To truly deliver on our vision we must all work together, and that is why we have today published, for the first time, a cross-government victims strategy, further delivering on this Government’s commitment to ensure that victims of crime get the support they need. This strategy is the latest milestone in improving the support for victims and builds on important progress over the last few years, such as the establishment of the first Code of Practice for Victims of Crime in 2006, the appointment of the first Victims’ Commissioner to champion the interests of victims and witnesses in 2010, and the publication of Getting it Right for Victims and Witnesses: The Government Response in 2012, setting out the Government’s approach for making sure that victims and witnesses get the support they need. The victims strategy consolidates and builds on that progress but recognises that more needs to be done. I want to thank and pay tribute to all those victims, groups and experts who have willingly shared their experiences and sat on the victims’ panel and their work, and to my predecessor, who initiated this work.
The nature of crime is changing and we must adapt our response to meet that challenge. While overall crime has fallen, some of the most serious crimes have risen. Serious violent crime has increased and reporting of sexual offending has also risen. In the year ending March 2018, there was a 24% increase in reported sexual offences compared to the previous year. The message from victims is clear: they want to be treated with dignity, humanity, and compassion; they want clear, timely and accurate information about what is happening with their cases from day one; and they want the opportunity and support to make their voices heard as justice is done. To help achieve this, the strategy sets out a system-wide response to improving the support offered to all victims of crime throughout the criminal justice process, and incorporates actions from all criminal justice agencies, including the police, CPS and the courts. We must ensure that those who are a victim of crime do not become a victim of the process.

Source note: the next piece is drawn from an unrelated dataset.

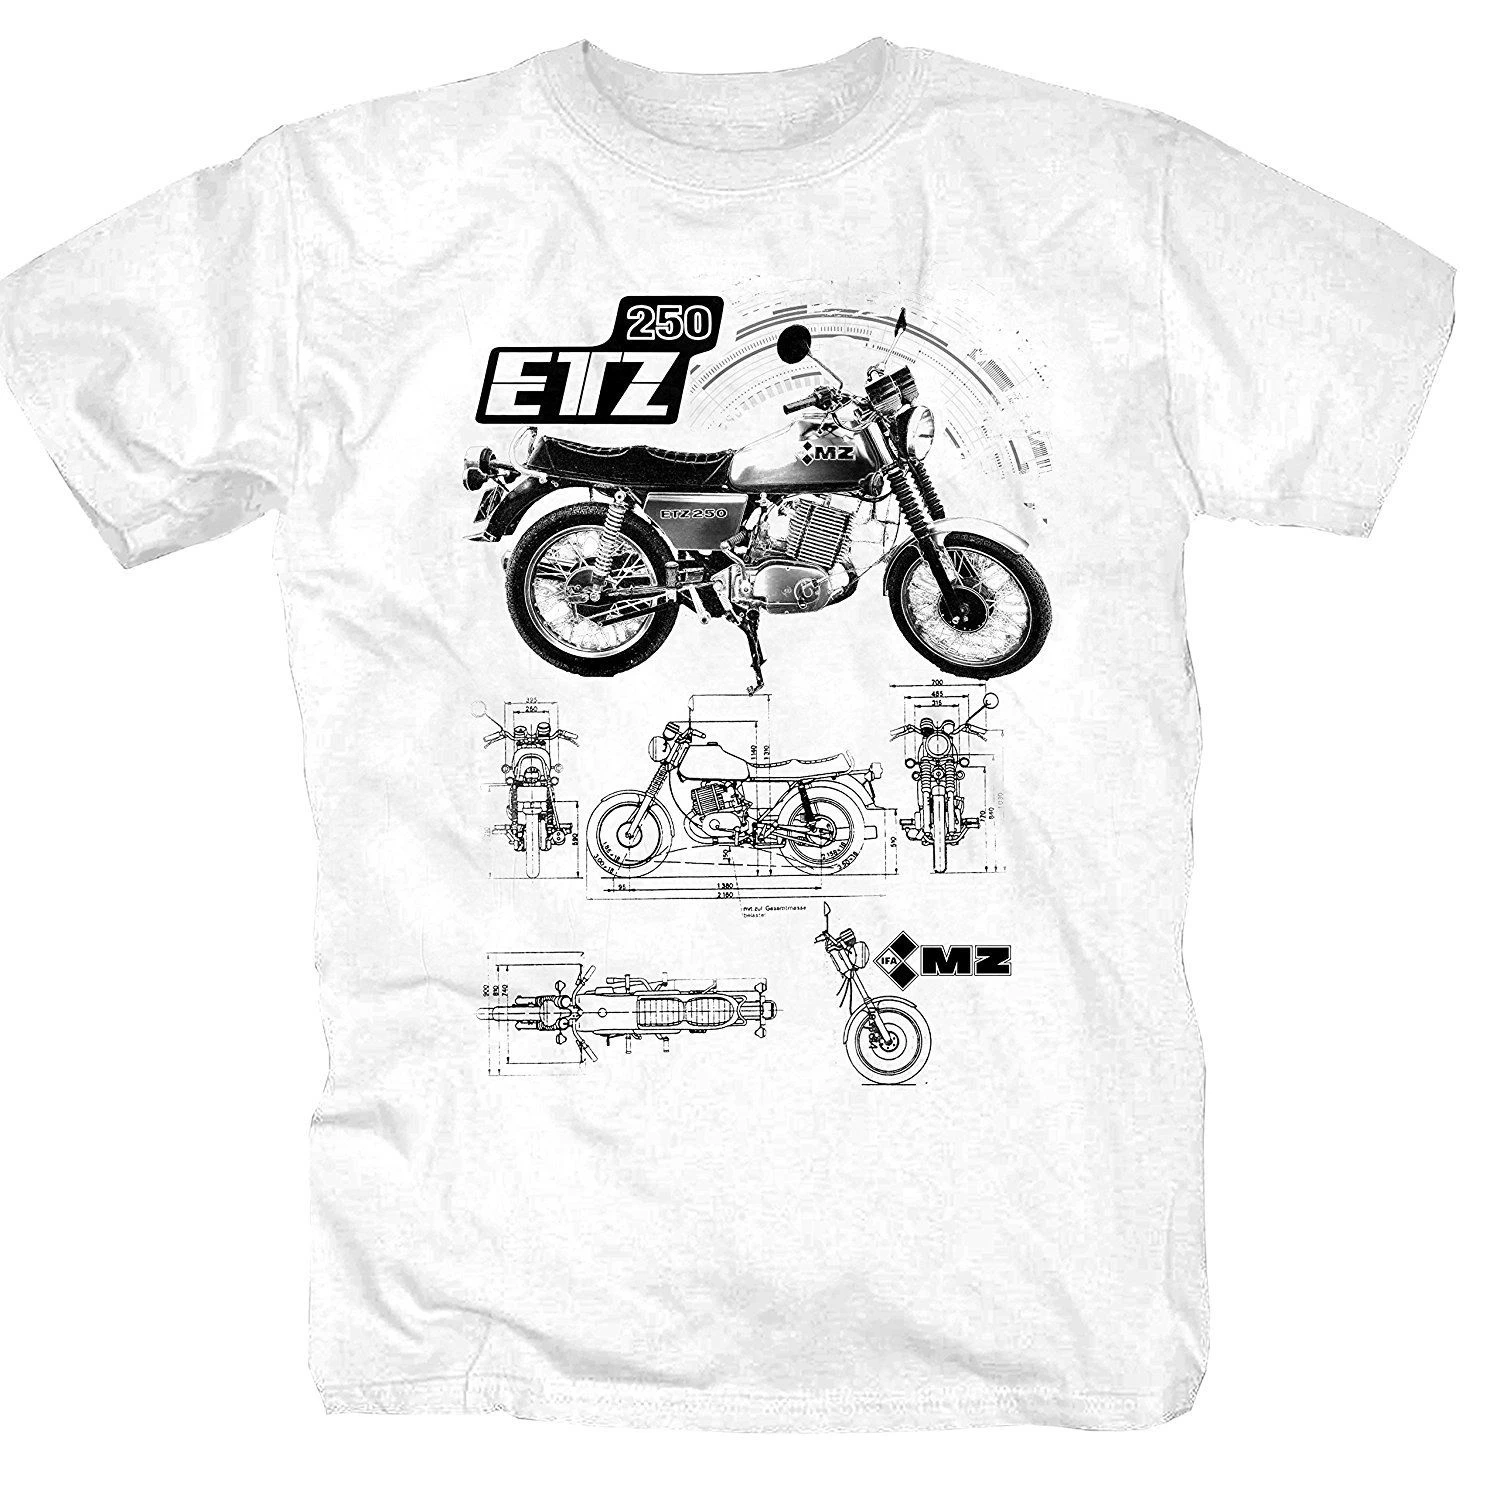 Tees Male Harajuku Top Fitness Brand Clothing T Shirt Shirt MZ ETZ 250 DDR  Kult Fun Motorrad Biker MC Ostalgie Zone Tee Shirt|T-Shirts| - AliExpress

First, we want to strengthen the victims’ code and make it fit for the future. Our data tell us that fewer than 20% of victims are even aware of the code. Those who are often find it too lengthy, too confusing, with too many agencies involved. We will therefore revise the code, making it more user-friendly, reducing contact points, and strengthening entitlements in key areas such as the victim personal statement and support for victims of mentally disordered offenders. We will test the proposed changes to the code in a public consultation in early 2019 and aim to have a revised code in place by the end of 2019.
We have also reaffirmed our manifesto commitment to a victims’ law. The consultation will also consider how best to enshrine victims’ entitlements in law and the detail of the necessary legislation, and will include boosting the powers of the Victims’ Commissioner, who plays a vital role in holding those agencies to account already. I pay particular tribute to my noble friend Lady Newlove for all her work over almost six years to promote and protect the interests of victims and witnesses.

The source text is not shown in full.